Bendik Giske : Surrender

Bendik Giske Surrender review

Longform saxophone composition has a long lineage. The major players are people such as Coltrane and Coleman and Adderly and Bird and Brotzmann, but with contemporary groups such as Battle Trance and players like Andrew Bernstein producing work in the model. The closest touchpoint to Bendik Giske, noticeable on first listen, would be Colin Stetson, who often plays more or less exactly in this style, mics picking up the clack and slap of keys and the heaving singing breath of the player as much as they pick up the timbre, tone and note of the instrument. Giske brings to the table not a new bag of tricks or even a new compositional style but instead an experience of contemporary queerness, and specifically the earnest joy of queerness, developed through his experience clubbing in Germany that shapes the contours of this record.

Surrender is one of those instances where knowing the narrative of an album deepens the experience. Instrumental music often hinges on these programmatic touches, following a bit of script in hand to decode the whys and wheres of a longform instrumental piece. In this instance, Giske relates two stories: one being the earnest joy of clubbing and queer sex in Germany, one unmarked by shame or fear and immersed in simple care and bodily pleasure, with the second strand being Brian Eno’s notions of the three poles of surrender: sex, religion, and intoxication. It is fairly obvious to even a casual observer that Giske’s goal with this record is to meld all three, and with a touch more sophistication than Madonna did on her otherwise excellent Like A Prayer.

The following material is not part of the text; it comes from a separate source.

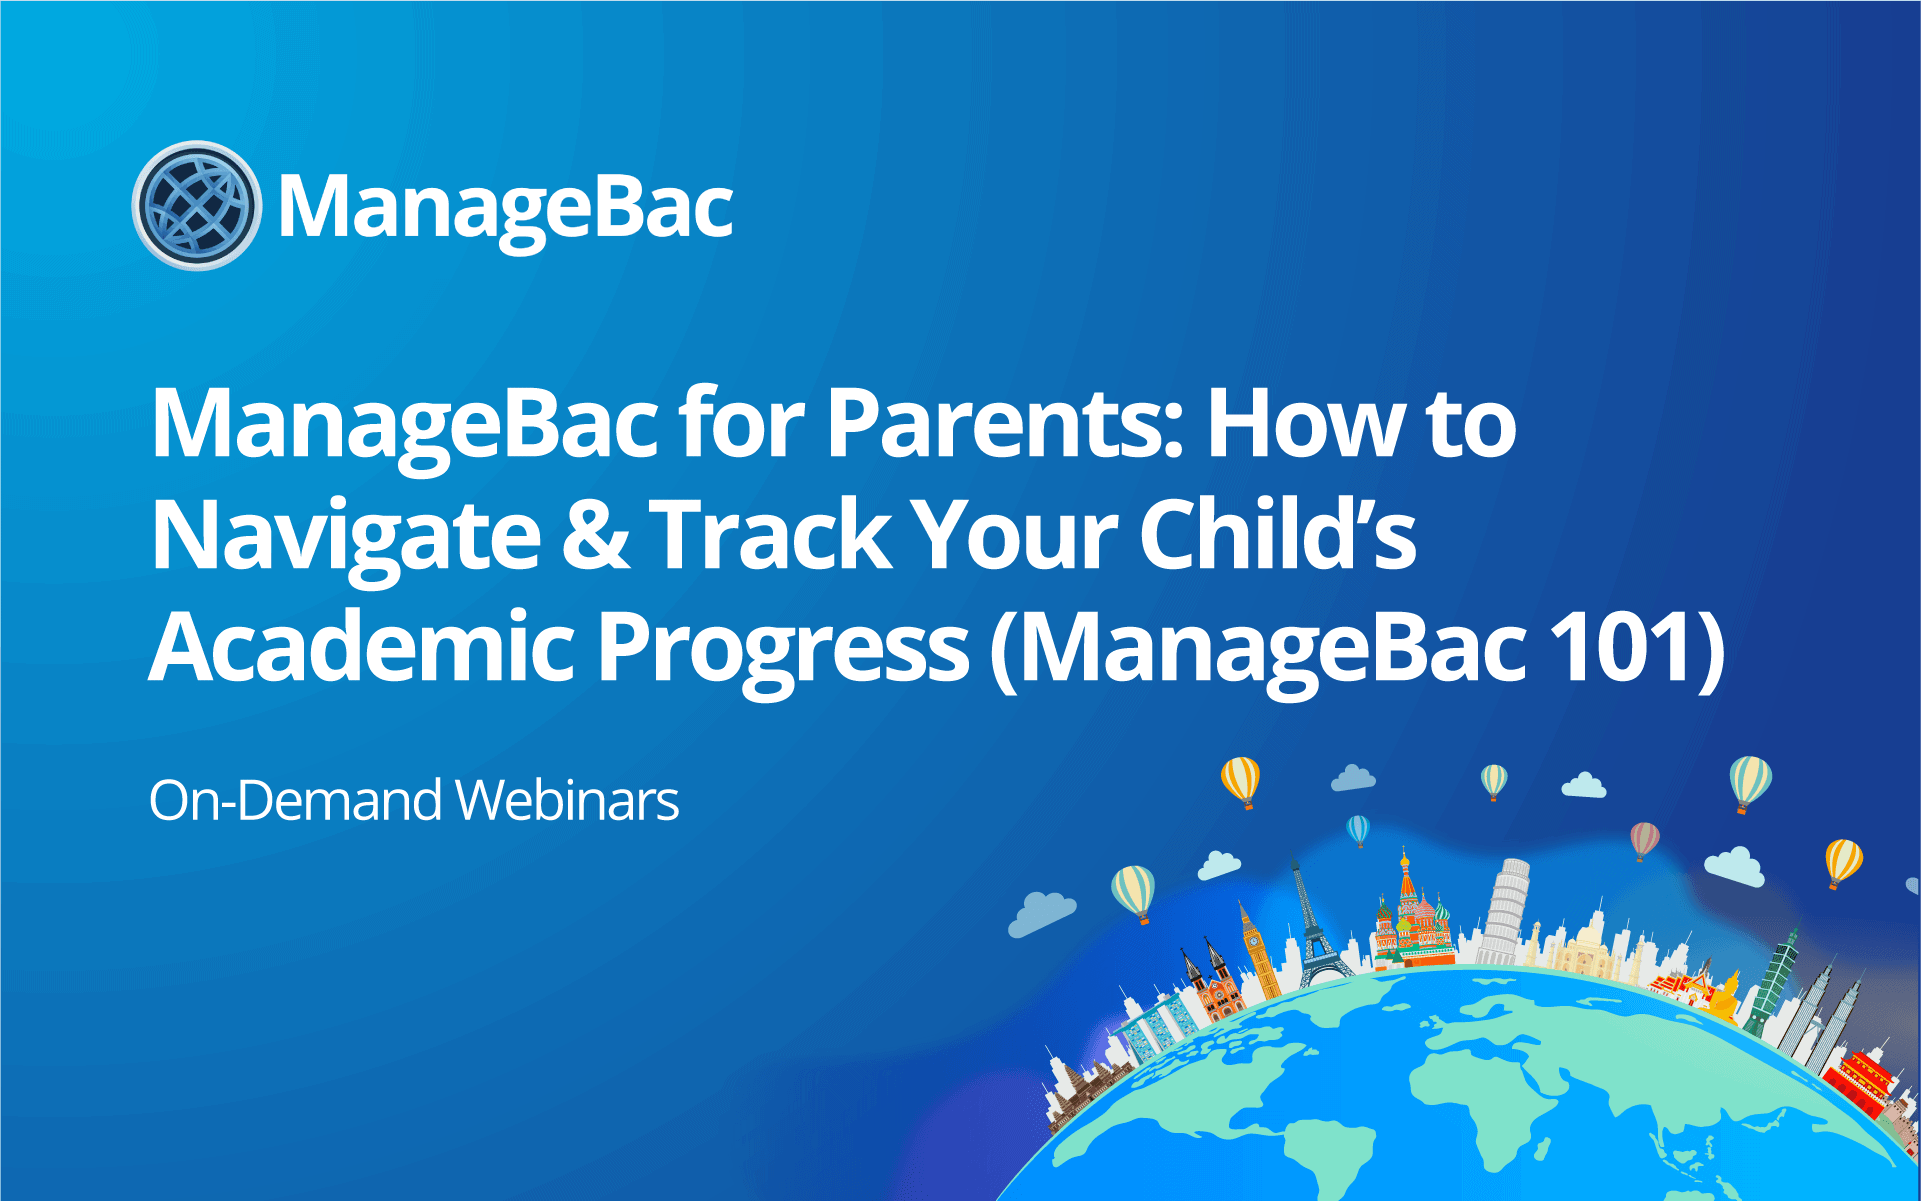 ManageBac for Parents: How to navigate & track your child's academic progress (ManageBac 101)

Like Stetson before him, Giske’s compositions roar and swim and soar with animal power, a simple and majestic paean to some distant but approaching god. The spiritual heft is there, and the swirl of saxophones feels as much intoxicating as it does intoxicated, giving to the listen what the player is feeling. But these are the experiential emotional centers of a pure experience, that of queer sex. The titles of the tracks paint a clear picture from play to orgasm and departure: “Adjust”, “Up”, “Stall”, “Hole”, “Through”, “High”, “Exit”. If there is any doubt of the intent, the opener is a piece called “Ass Drone.” But Giske’s work is not crass; he is not ashamed of his sexuality nor of that central component of it, sex itself. The pieces are celebratory, heavenly, joyous. Kink as we know functions on an axis of guilt and shame, crossing a forbidden threshold on the wheels of lust. Giske feels devoid of such impulses; these tunes pass with joy and pleasure, without hesitation, completely normalized so that they can convey the purity and joy of the act of sex with a lover.

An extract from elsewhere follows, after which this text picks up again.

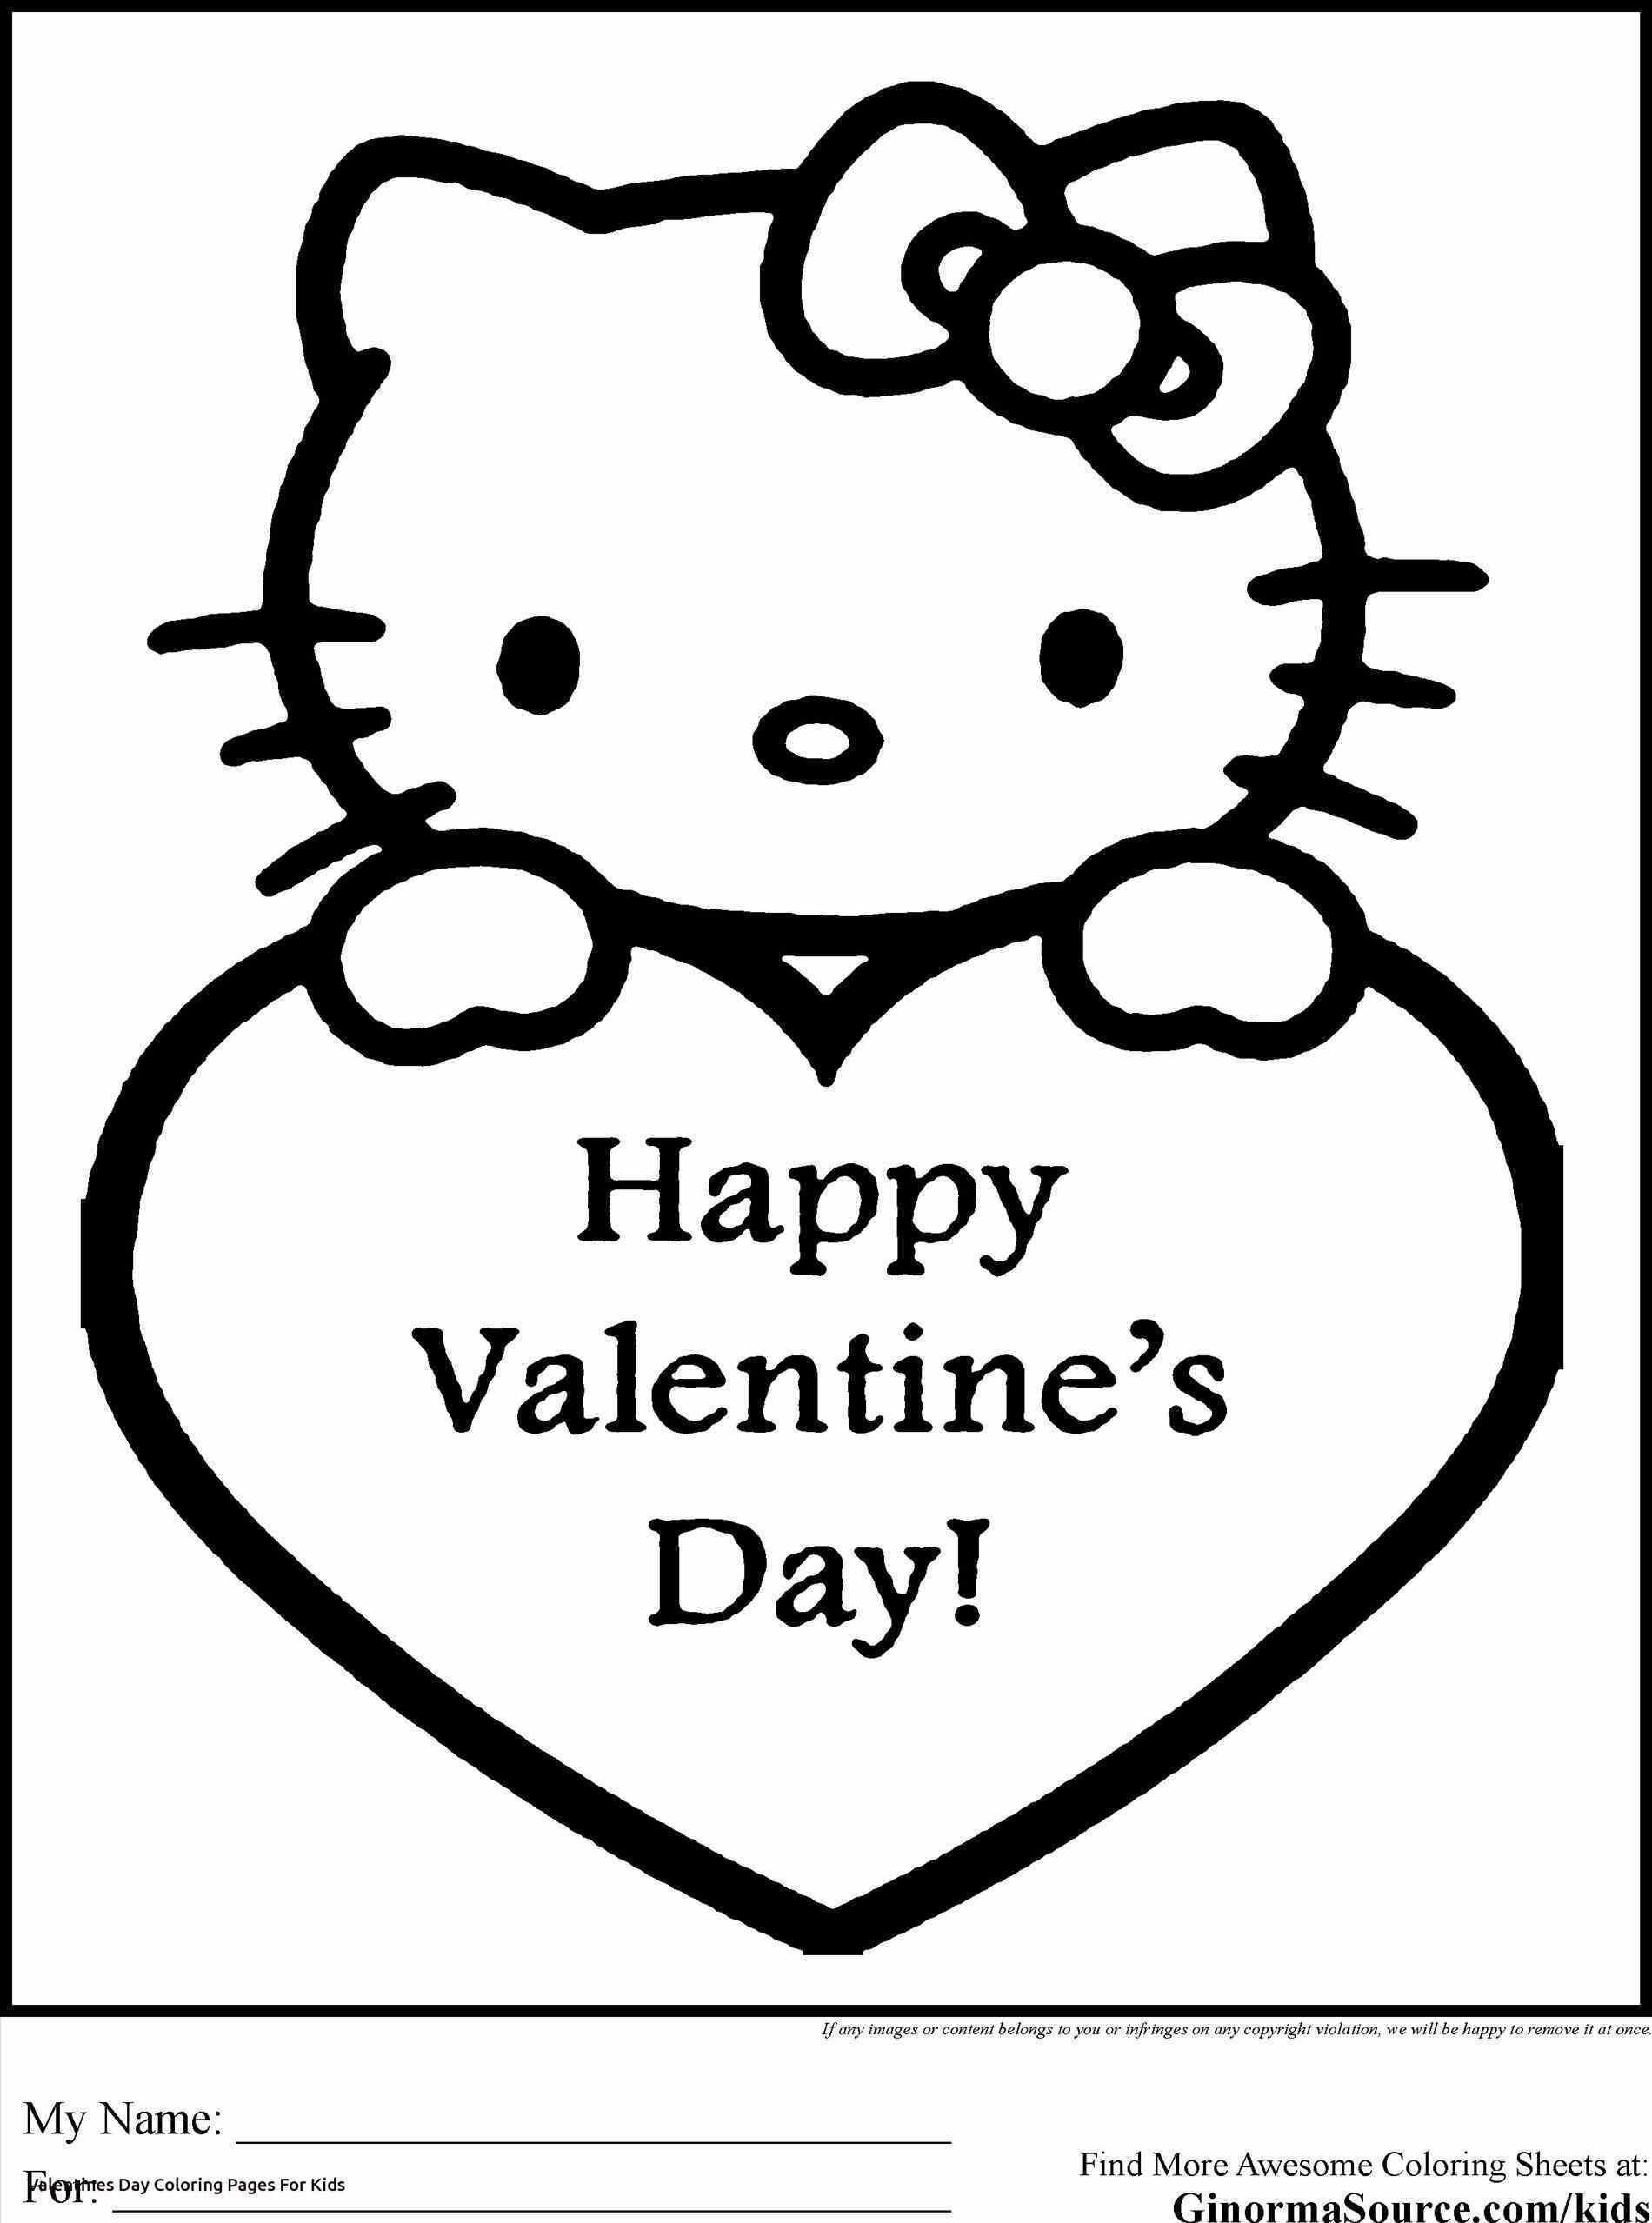 Snoopy Valentines Day Pictures Photos Images and Pics for Facebook  Tumblr Pinterest and Twitter

A testament to his developments is that this is an immediately apparent emotional experience even to those that have not experienced it. We sometimes judge art by inward experience, in-groups and out-groups, and how well art conveys interior coded messages to those that have the cipher to understand it. We see this in underground music a great deal, where representing and paying tribute to a scene and offering knowing nods comprise a great focus of artistic output, from sly lyrical nods in hip-hop bars to musical quotes and licks in jazz and prog and rock to unwavering stylistic movements in punk and metal. It is another thing entire to open up an experience and render it legible to those beyond its realms, especially to do so without diluting or cheapening that which you seek to communicate. After all, that sense of dullness is why so many avoid this kind of openness; we’ve all seen things that we have treasured cheapened in an attempt to sell them abroad and have felt the bitterness that comes from that.

But Giske is unladen by these weights. He has no reason to be. His work on Surrender conveys that moment as beautifully and fully as any cishet record about the spiritual joyous core of sex ever has. It is a gentle and wondrous and warm record. In terms of a recording debut, it’s a strong beginning. One hopes only that any follow-up may branch out sonically and compositionally a bit further, to make his work more fully his own.